:: Given records ::
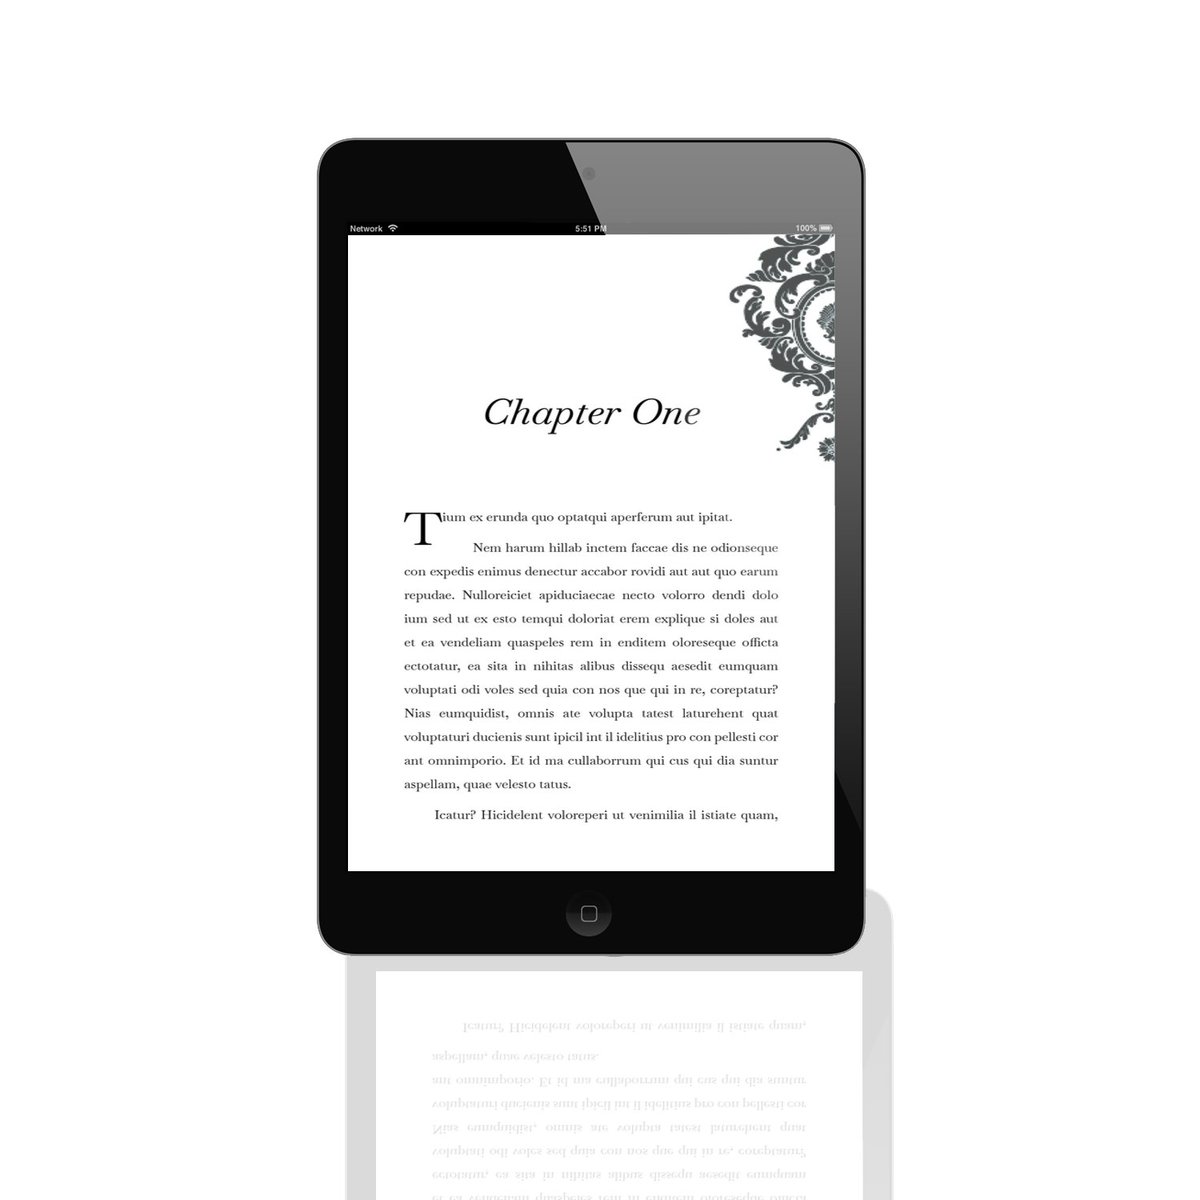 I will format your book for print and reflowable epub for Kindle.
__Check  my work__
nazmulgraphics66.blogspot.com

#formatting #typesting #layoutdesign #Booklayoutformatting #amazonebookformatting #amazonbokformatting #layoutdesign #bookformatting #author #authorsofinstagram
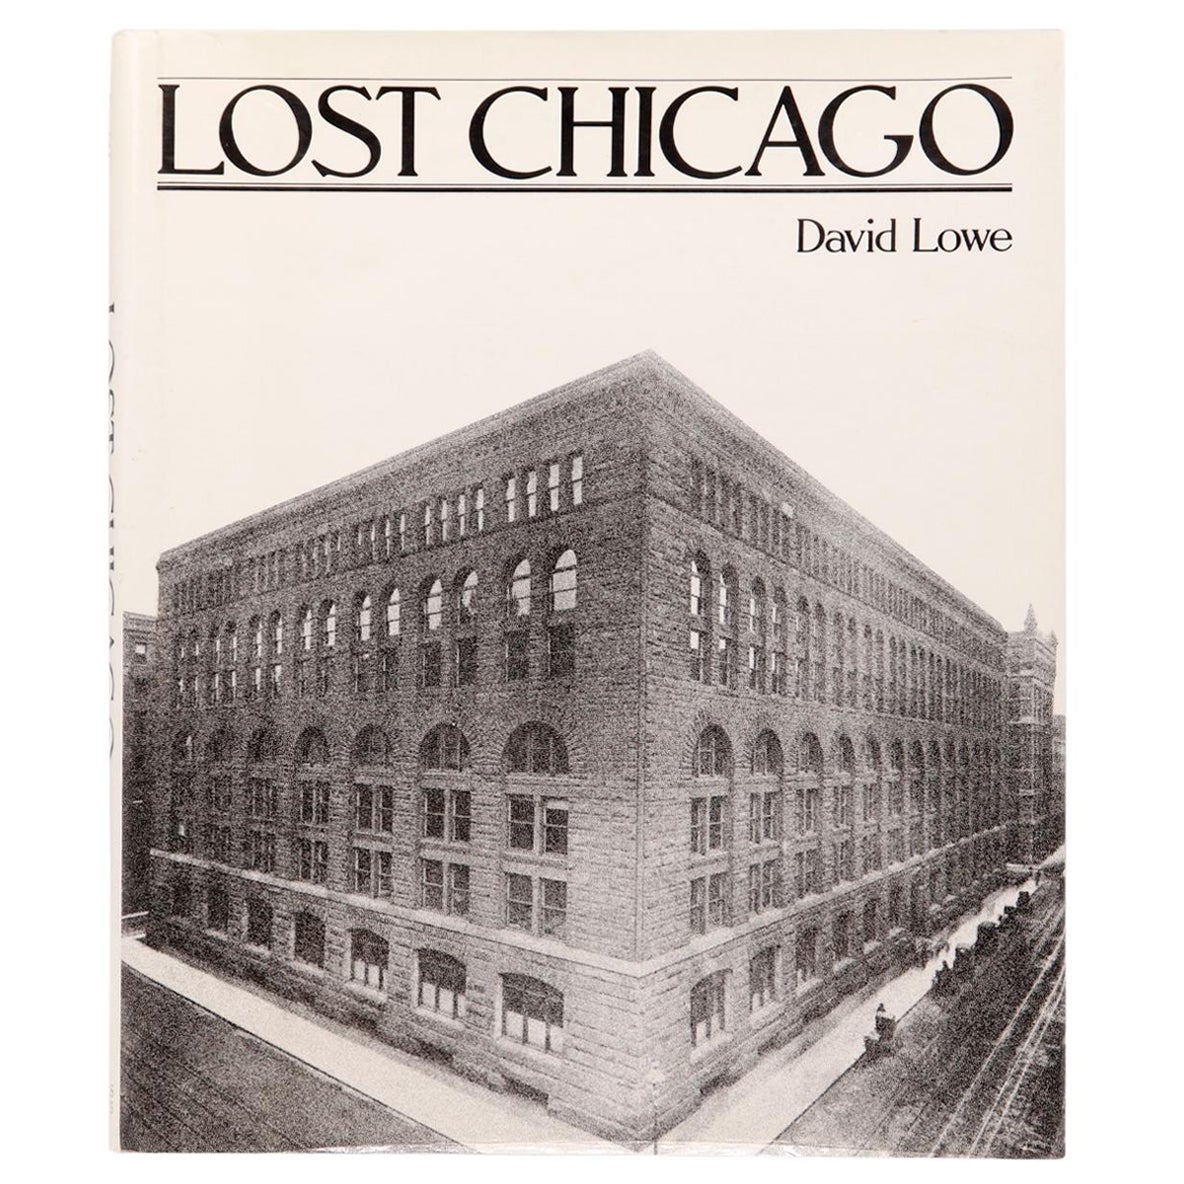 Lost Chicago by David Lowe

:: Exercise goal ::
Transcribe each line above exactly, pictures excluded.

:: Finished exercise ::
 I will format your book for print and reflowable epub for Kindle.
__Check  my work__
nazmulgraphics66.blogspot.com

#formatting #typesting #layoutdesign #Booklayoutformatting #amazonebookformatting #amazonbokformatting #layoutdesign #bookformatting #author #authorsofinstagram
 Lost Chicago by David Lowe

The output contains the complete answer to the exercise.